I took the attched frame from a vid I shot last night with a Toucam. I simply picked out a spot in the sky with my scope, plugged in and adjusted the webcam and started recording. The area of the sky that I picked up on was about 120 degrees in azimuth and ~ 40 degrees altitude from my position.
When I processed the vid into individual frames and used Paint Shop Pro to (only) adjust brightness and contrast, I noted what I hope appears in the attached shot - stars/objects of various colors, mainly white, blue and red.
What do the differences in colors mean in terms of the object(s)??
Difficult to comment without seeing other frames from the video. My first impression is hot pixels in the camera rather than star images. A 1/60 sec exposure generally shows very few stars and I would have expected to see larger images if it were a star.
Do you have similar frames? have you stacked say 20 + do they show a "build up" of star images??
Thanks for the suggestion - I've attached a stacked jpg composed of about 25 images...if I reemmber correctly, I had exposure time set at about 1/25 sec last night when the vid was taken.

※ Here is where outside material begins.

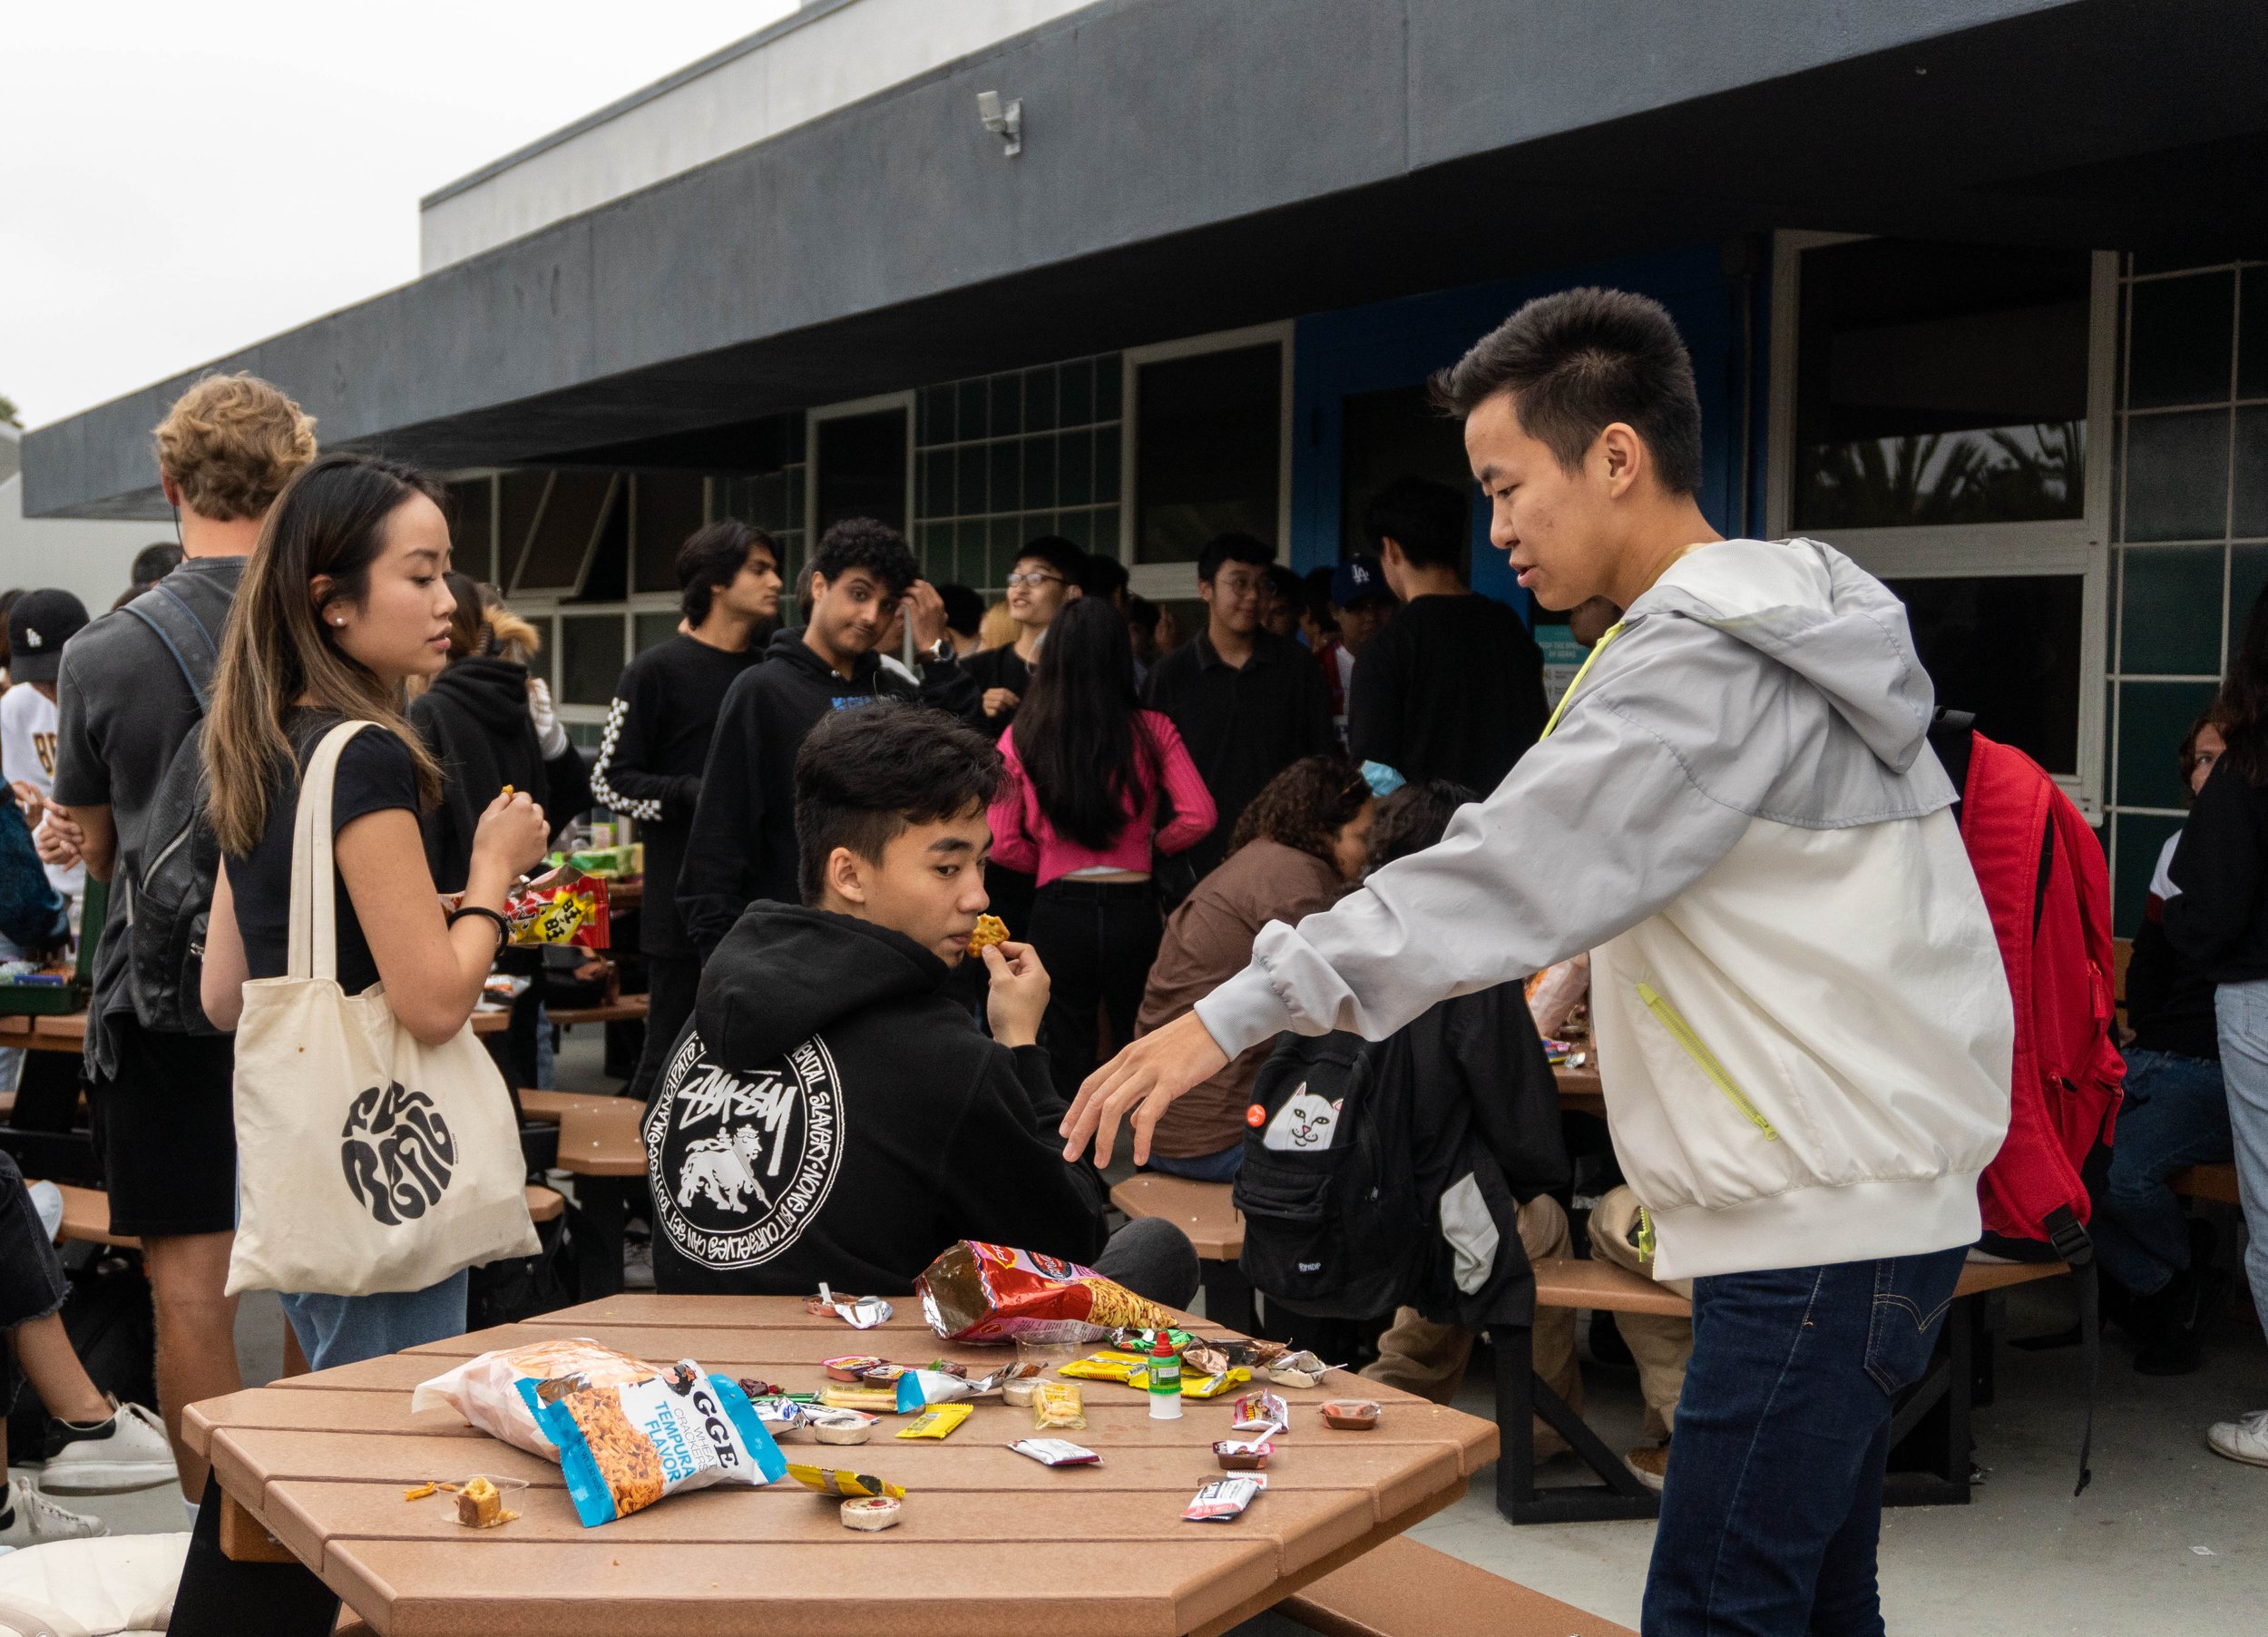  Cambodian International student, Orgil Boldbaatar about to pick a snack from the table filled with assortments of treats from all over the world during Snacks Appreciation Day. The event was held by the Santa Monica College International Student For

I'm assuming it's a standard webcam set-up, no long exposure mods. The dark bands at the edges... maybe due to registration between the images, but I still see a "dark" frame of hot pixels which have now been added to make them brighter!!! Take a proper dark frame ( cover the lens) and see if it looks similar. When this is subtracted from your exposure, what ever is left should be an image of the sky.
I think the std webcam is very limited for general sky shots, maybe someone else can comment.